As an economist by training, I did a lot of mathematics and  statistics modules during my university days. I only had a one-module  experience in programming and that was with Java, which in my opinion  was one of the most difficult languages to pick up (hats off to Java  Programmers), especially for someone with limited computer science  knowledge at that time (or even now).

Being a data professional these days, it is essential to know programming, which is the reason I picked up two of the most popular  programming languages for data science –  R and Python.

I thought of sharing my learning journey in programming to help people, especially the non-computer science folks, understand more about  programming and, hopefully, take the first steps in coding.

As mentioned, my first programming language was Java and I was really  bad at it because I could not grasp the mechanism behind the ‘public’  and ‘private’ thing even after many explanations from my friends. What  was most frustrating was, back in those days, coding was done on a  notepad so I was not able to detect any syntax errors that would have  shown up early on with the colour coding.

Moreover, the error messages were so cryptic, I had no idea how to go about correcting the error. There were no Google and Stack Overflow around to help poor souls like me. I had to constantly reference very  thick physical textbooks and narrow my solution space so that I could  pinpoint the actual error. It was very painful and got to be even more  so after I received my grade for the Java programming module. It was a  terrible experience and I have the grades to show for it.

I graduated during a very bad economic downturn. The reality then was  very brutal to fresh graduates as there were many experienced  professionals around and companies were more willing to give them  opportunities than fresh grads like me. It was only after a very long  period of time that I was finally hired into a research centre. At the research centre, they used a software called SAS,  a statistical analysis tool that started in the US during the late  1970s. To use the software, I had to re-visit programming again.  Fortunately, when I looked at the syntax and how it worked behind the  scene, I was able to grasp it quickly. With my data concepts and  background backing me, I knew what I wanted to do with SAS. Google was  available then to help with code and syntax details, although the search  results were not as good as today. Long story short, I experienced new  confidence in programming and proficiency in SAS programming made me  more effective in my analysis and modeling work.

Knowledge of SAS programming helped me get into the banks because  proficiency in it was very rare at that time. While I was in the banks, I  came across R. Just in case you are wondering, the banks were not using  R. Rather, I got to know R through my professional network.

R is an open-source software mostly for statistics and data science.

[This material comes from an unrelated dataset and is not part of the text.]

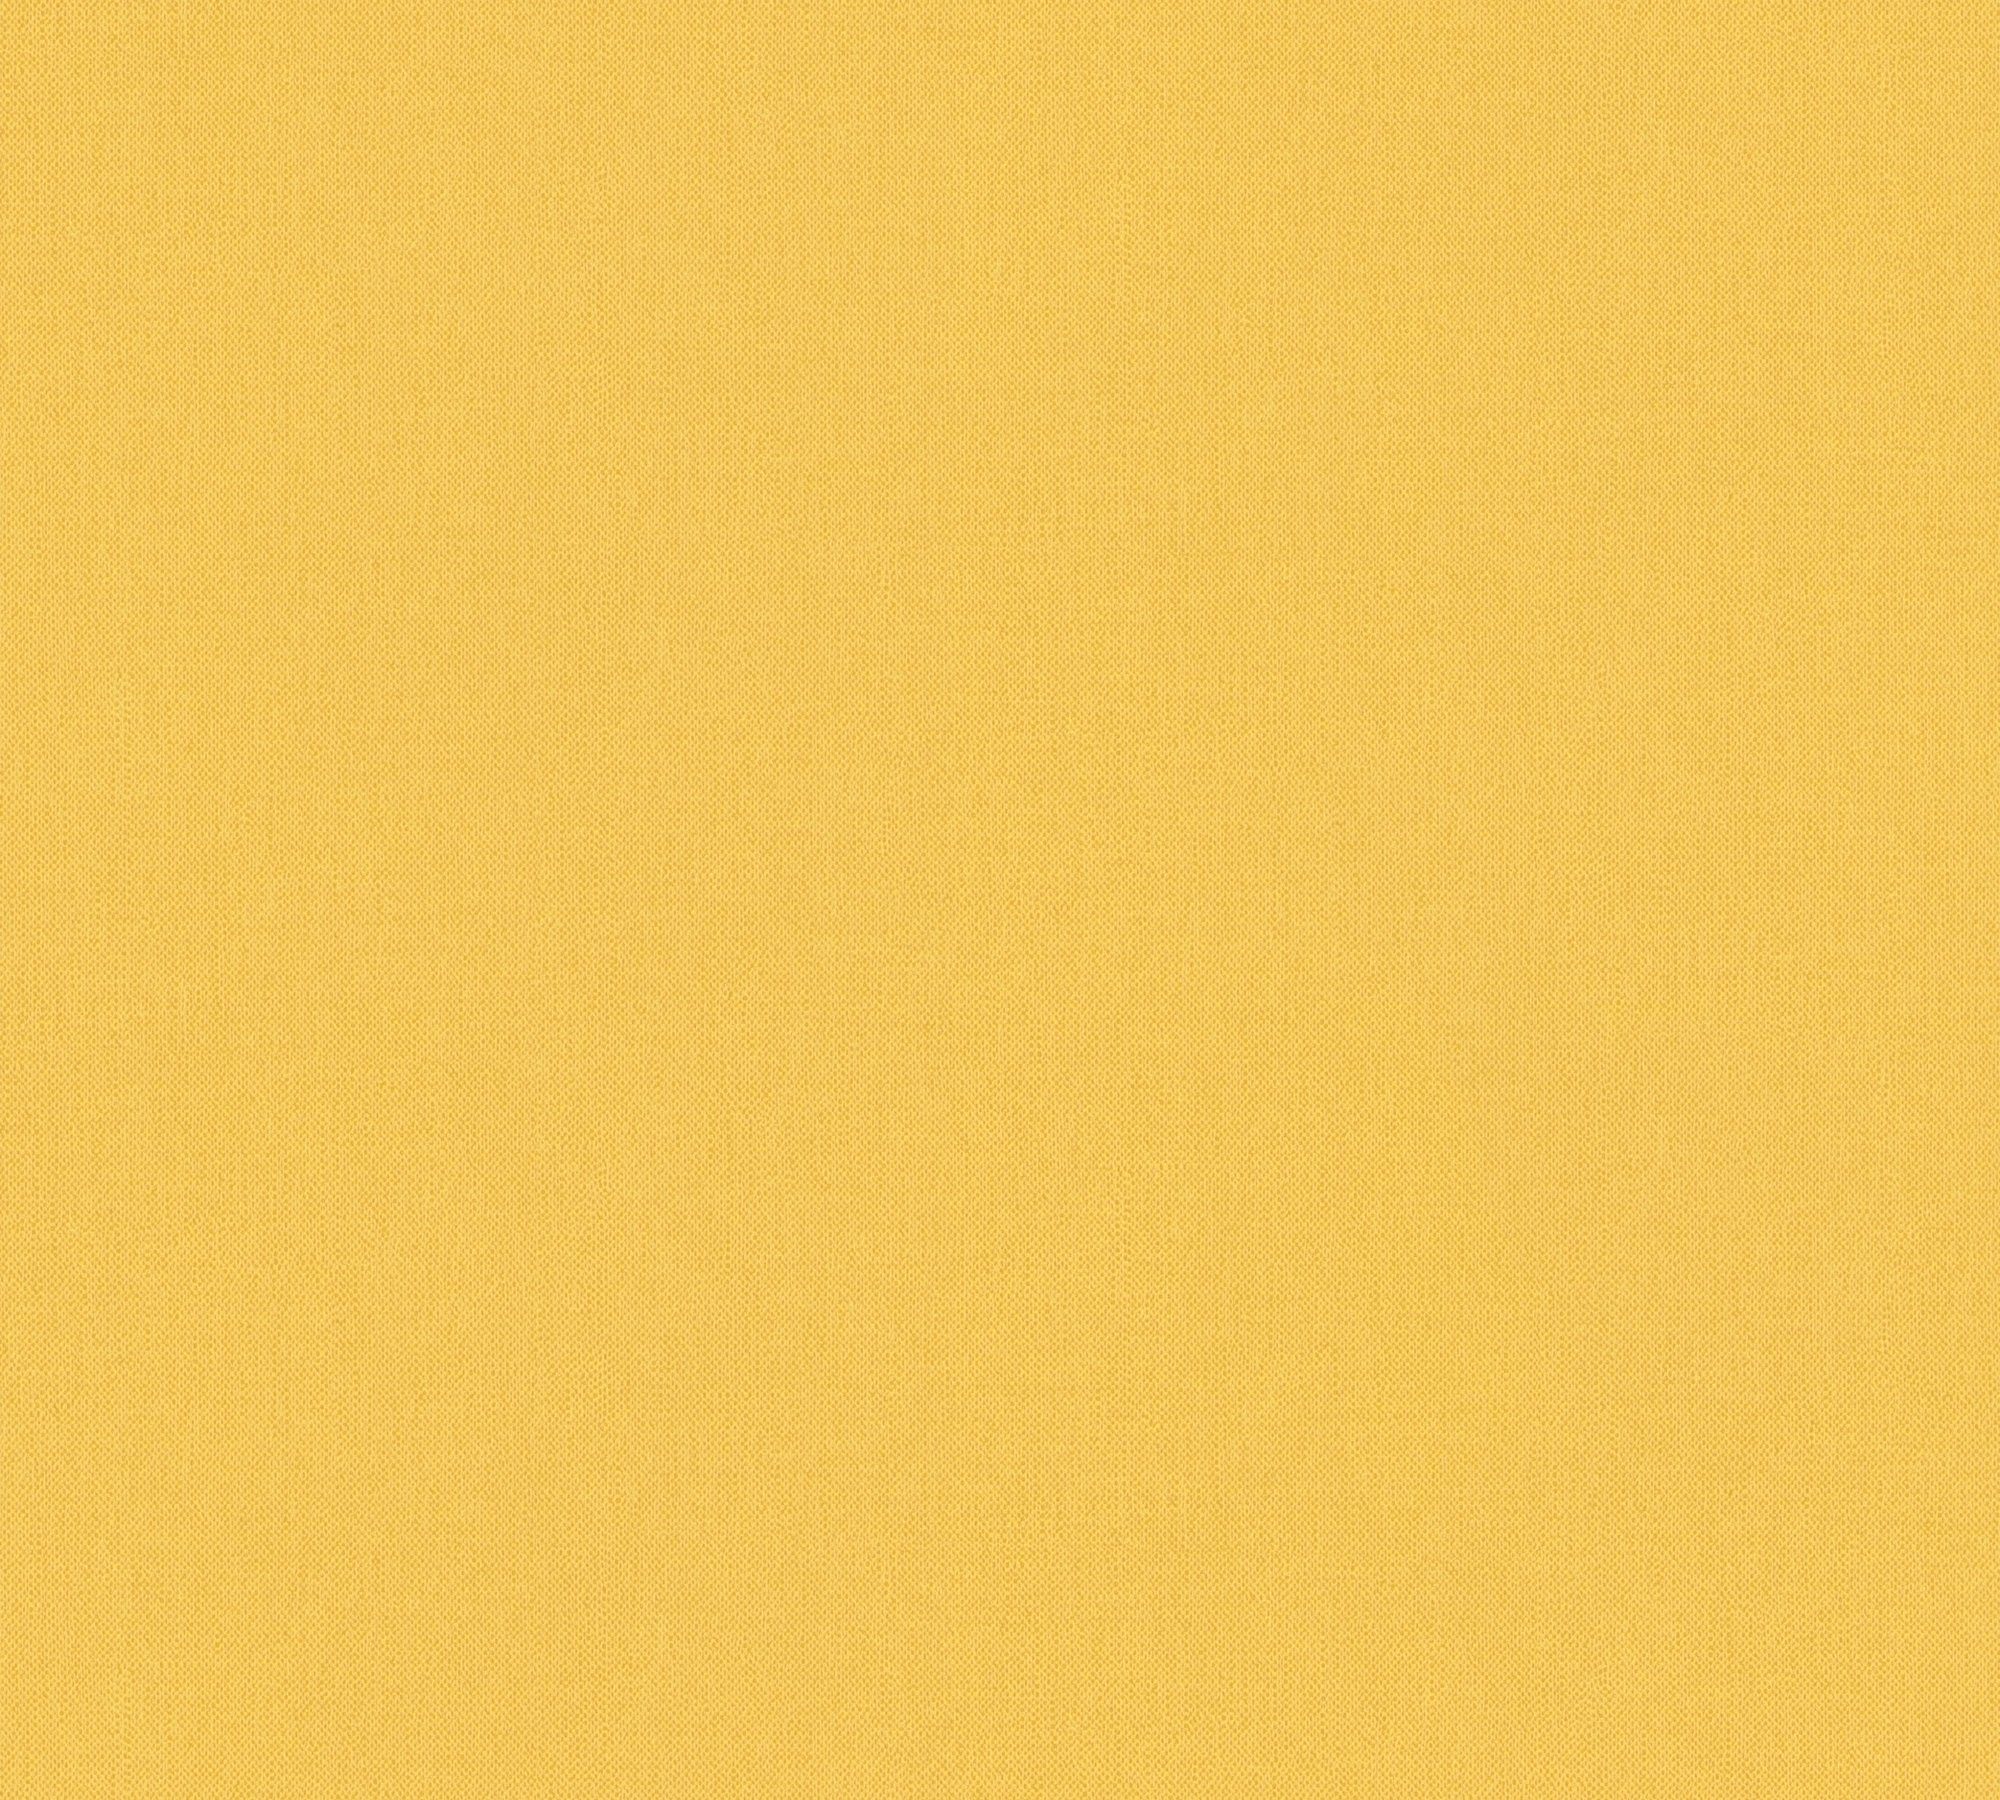 einfarbig, Paper Tapete Vliestapete unifarben, Impression, einfarbig Floral Architects Uni gelb glatt,

A  friend of mine told me I should learn R programming to broaden my skills  set and have more to offer to prospective employers. With a renewed  confidence in programming, I decided to pick up R. There were a lot of  online tutorials on R then and I proceeded to research and learn it.  Again, the strong concepts in data analytics helped me pick up R  quickly. I noticed that the syntax for R programming actually looked  very much like Excel functions, with the exception of the Tidyverse packages. With this realisation, I was able to learn R even faster.  After R and a successful round of learning another programming language,  I went on to pick up Python,  a popular general purpose language, paying special attention to the  data science portion. That meant focusing on packages like pandas, NumPy, scikit-learn etc.

Nowadays, there is an abundance of online material available for  anyone to start learning a programming language. The first challenge is  no longer about picking up the language basics but to have an actual  environment installed on your computer for practise.

I encourage all my training participants and you, the reader, to pick up programming, to have some programming experience at least. Because with Industry 4.0,  most jobs will be associated with data and in order to have better and smarter automation, we cannot run away from interacting with computers. Programming gives us that ability to interact. You can learn programming  from online sources or perhaps even use social media to gather a group  of like-minded folks to come and learn together. With Google and Stack Overflow, even if the error messages are pretty cryptic (by the way,  they still are!), debugging the error is much easier compared to the days when I was learning Java.

What about coding bootcamps? My advice is to attend a coding bootcamp  if you want to maintain a structure in your learning, but do check out  the trainer’s background beforehand. Make sure that the trainer has enough experience to share industry best-practices and the common pitfalls in that particular programming language.


Here are a few recommended resources to kick things up.

R Programming

You can install R at Cran R and also install a popular IDE (Integrated Development Environment) for R, call R Studio. A beginner tutorial which I would recommend is the one written by Hadley Wickham, “R for Data Science“.

Python Programming

You can download Anaconda (for a local version) or register an account with Microsoft Azure Notebooks and join the AI for Industry programme run by AI Singapore (it uses courses from DataCamp, led by mentors from  AI Singapore). Else, if you want to learn at your own pace, I recommend  the online tutorial by Jake Vanderplas, “Python for Data Science

All in all, I strongly encourage everyone to at least try their hands  on programming, especially for folks who want to become a data professional, because there are very, very limited ways you can avoid programming in such a job role. Moreover, going forward it will add a lot of career credibility if you understand how programming works and how tough it really is. Have fun learning programming!